Friday, July 15, 2011

Changing the Rules: NPC's in Aurora

Remember what I said about changing the rules, and offering another experience? Let's focus on that a little more, with a juicy new feature in Aurora.

One thing quickly becomes clear when visiting any SL™ type virtual world- is that there's a vast expanse of uninhabited nothingness. Like a lone wanderer, I've passed through entire cities, 4 sims large, completely barren of any sign of life.

And this is a huge downer.

Once in a while you'll find the sculptified noob, perched precariously behind a counter or at a door, or a picture cut-out. But you know on first glance, there is no sign of life here. Those dull solid eyes, pixelated, as though a picture was stuffed into a glass casing.

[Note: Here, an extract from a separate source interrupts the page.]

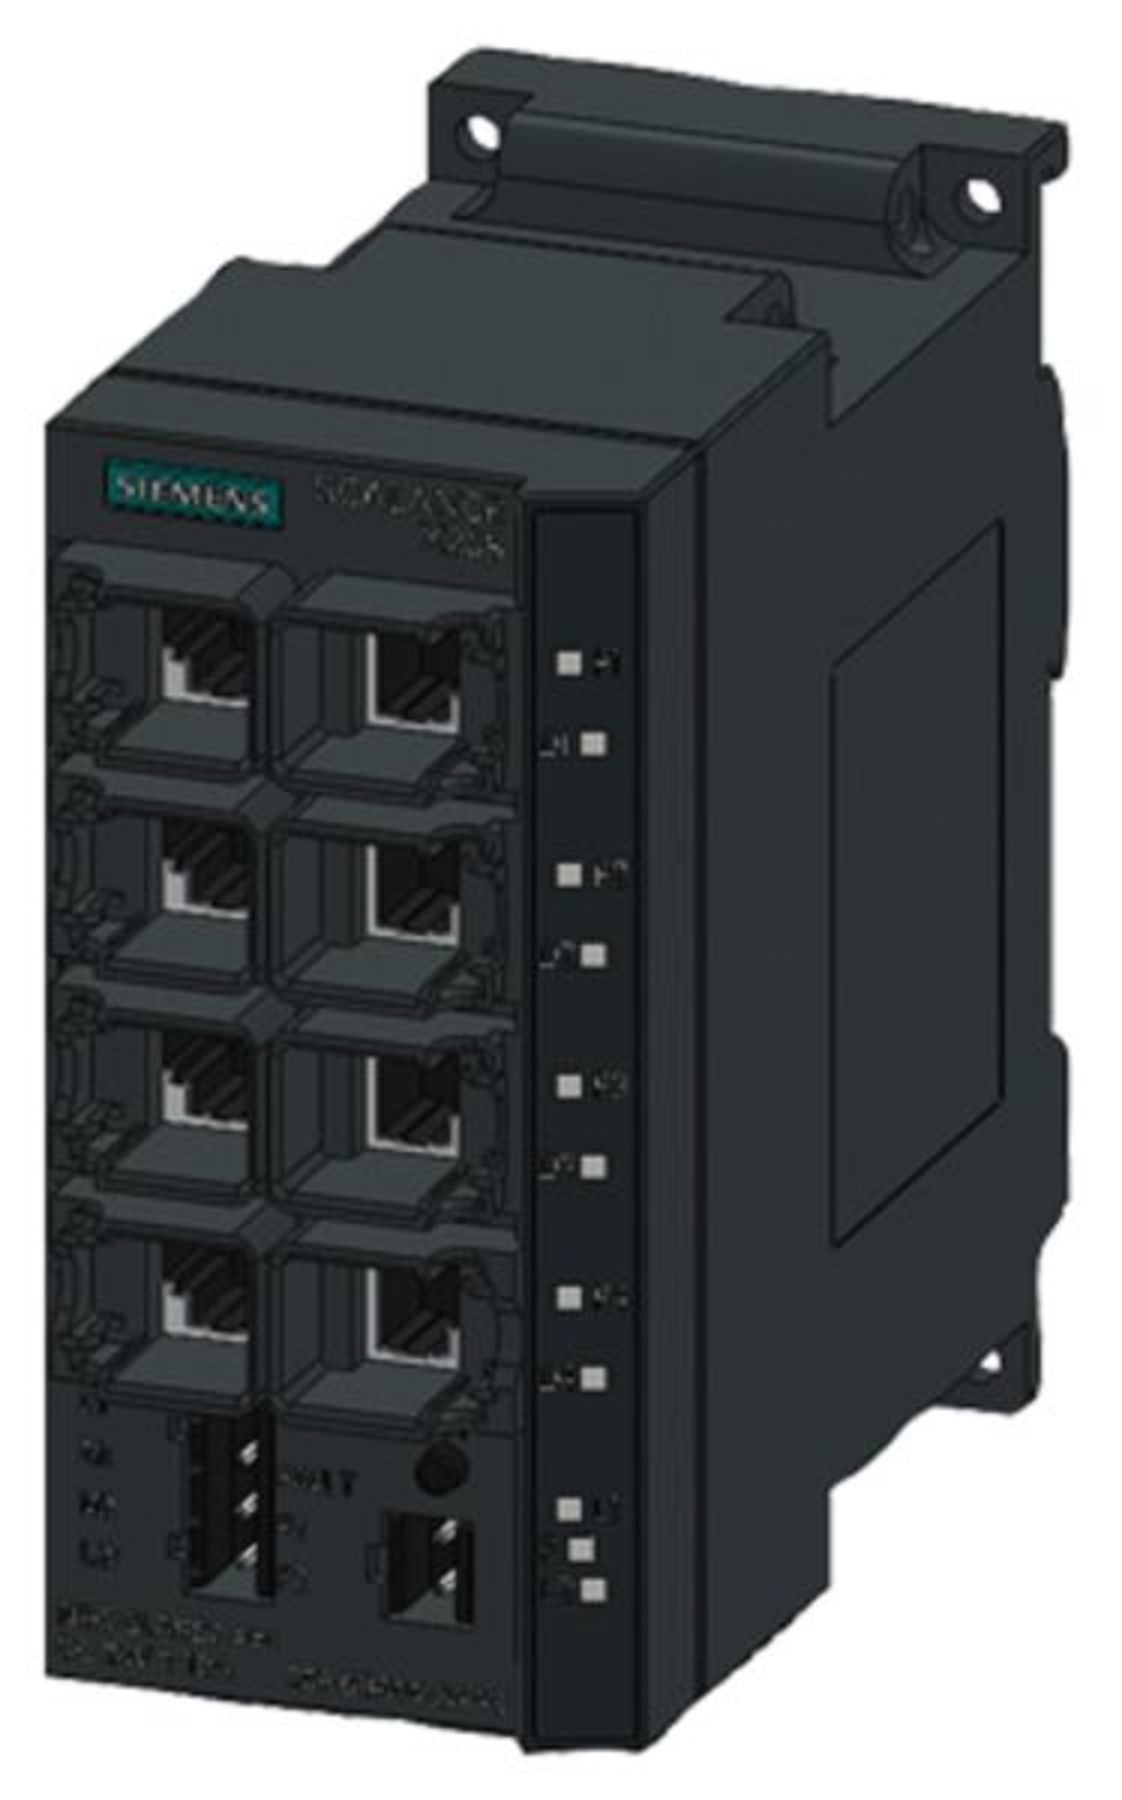 Stecker  ! A1 6GK5208-0BA00-2AA3 Siemens Ethernet Switch Scalance X208

That image cut-out of Captain Jack Sparrow sitting behind a tiki bar evokes no more emotional response than a casual acknowledgement in passing of a cardboard cutout in a movie theater- it may even be scripted to talk, but it shows up in green text and immediately your mind blocks it out as spam- like a fortune teller bolted to its seat and programmed to flail its arms in a rigid manner and speak with a voice that sounds like a tin can.

Enter, the NPC. NPC's are crucial to games because they offer that simulated feeling of agency in an entity you know isn't real. Whether you be a sprite, cube, or cactus- the modality that the world in question presents you as will be the one you will associate with signs of life, be it human or not. (You know you've done it, you talked to every NPC in some RPG at one point, just to see all their responses.) NPC's have all the powers that you do in that game, so they feel like a comrade, or another living being, they move through the game world via the same mechanisms you do.

They have the ability to make you care about them, hate them, or invoke other human-human emotions towards them.

They are the ghosts within the machine, the characters of your story, they are the actors in your play unfolding- and now Aurora has taken its first steps towards enabling fellow world builders to fill their stages with life.

Their NPC API is still in its early phases, but the implications are immense. I'll be keeping an eye on this as development unfolds. Check out some code examples here.

I know I got a bit emotional here, but I have a special affinity for the avatar, and characters in general. In a sense, when we build, we're telling a story- and I know few stories void of characters.